Reflections by Dina Koston

The composer writes: 
The two meanings of the word "reflection" are encompassed by this work. In the first part we "reflect" on the musical ideas presented at the beginning.   After an interlude made entirely of percussive sounds, the second part agitated is formed by related sound patterns "reflected" in different registers.

Reflections was written for William Anderson, who taught me much about the guitar.  An additional source is the relationship of the guitar to the contrabass: the four lowest strings of the guitar--E, A, D, G--are the same as the bass strings, one octave higher.  In 1995, I wrote a work for left-hand piano, contrabass and drums, Trio basso, and Reflections is related to it, with some identical chordal passages, punctuated by percussive sounds.

Dina Koston is the co-founder with Leon Fleisher of the Theater Chamber Players. She has resumed composing in recent years with a number of chamber works. Her music has been performed at the Yale University Summer Festival (Wordplay with Phyllis Bryn-Julson), at Lawrence University, at Tanglewood, in recital in New York, and in the Washington, D.C. area by the Theater Chamber Players.  She has written for productions at Cafe LaMama and Arena Stage. Trio of Winds, commissioned by Lawrence University will be given its first performance in May 1999, and a Library of Congress commission will be performed in recital in March 2000.

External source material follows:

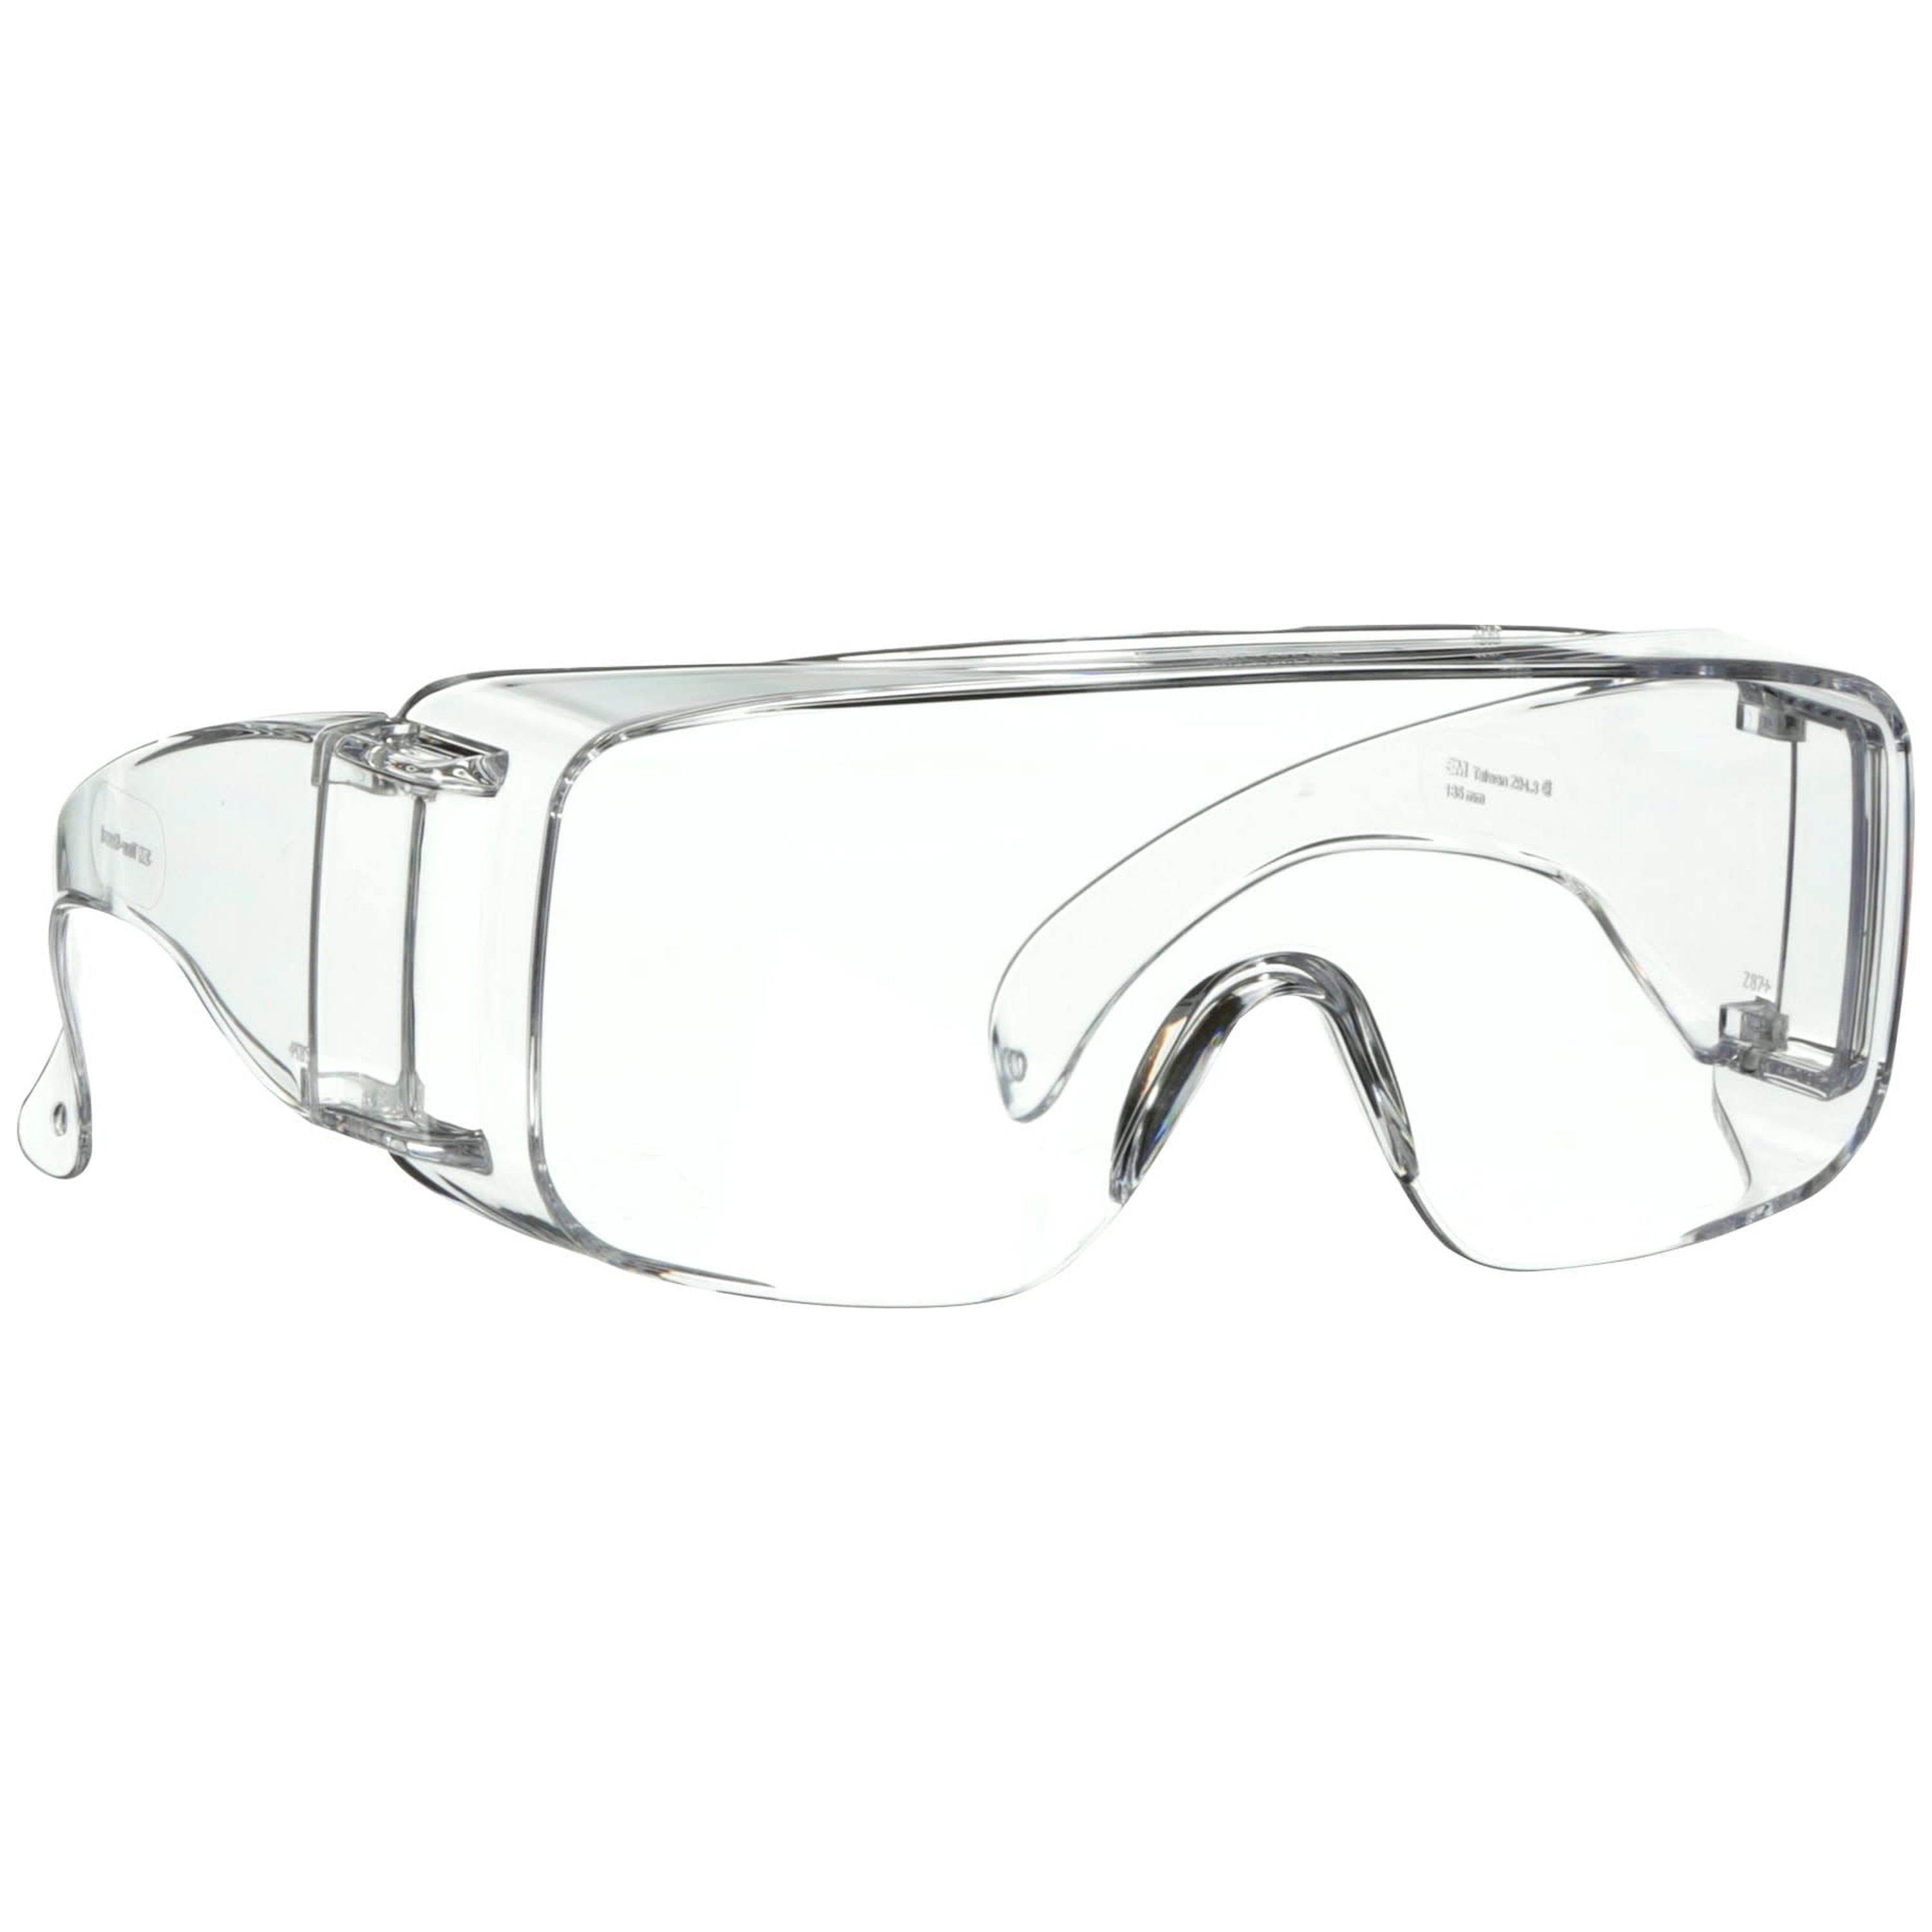 3M Over-the-Glass Clear Lens Eyewear Protection, Clear Frame - image 5 of 5

 Piano Trio in C Major, Op. 87 by Johannes Brahms.

In the opening waltz-time sonata-form allegro of this wonderful second piano trio Brahms displays mastery of his art with concise surprises.  The violin and cello play together notes accented on the first beat and the piano enters with an "in-three" rhythm that suggests a different emphasis.  The syncopated sonic result is richly complex.  In the development, just when we might expect a dense crowd of sounds Brahms gives us a light-textured dance, with strings playing an augmented version of the first theme and piano agreeably accompanying the couple with triplet figures.  The final measures are a satisfying unison, with the piano at last getting its chance at the brief main theme.

The Andante is a theme and five variations.  Its minor mode, 2/4 meter and first-beat accent in the opening string melody give it a Brahmsian "Gypsy" coloring, for these are the features of nearly all his settings of Hungarian folk songs he called Zigeunerlieder. Both themes one played by the strings, one by the piano are treated to imaginative variation.

The C-minor scherzo in 6/8 moves quickly and quietly, projecting amysterious quality of skittering unpredictability.  Its brief major-modetrio section is a reassuring contrast.

In the 4/4 sonata-form Finale Brahms keeps to his pattern of balancing both string instruments against the piano.  Here robust energy continually increases, so that by the final coda, somewhat demonic-sounding arpeggios in the piano notwithstanding, the curtain seems to come down on a true celebration.  Brahms was uncommonly happy with this work and sent it to his publisher with these words:   "You have not so far had such a beautiful trio from me and very probably have not published one to match it in the last ten years."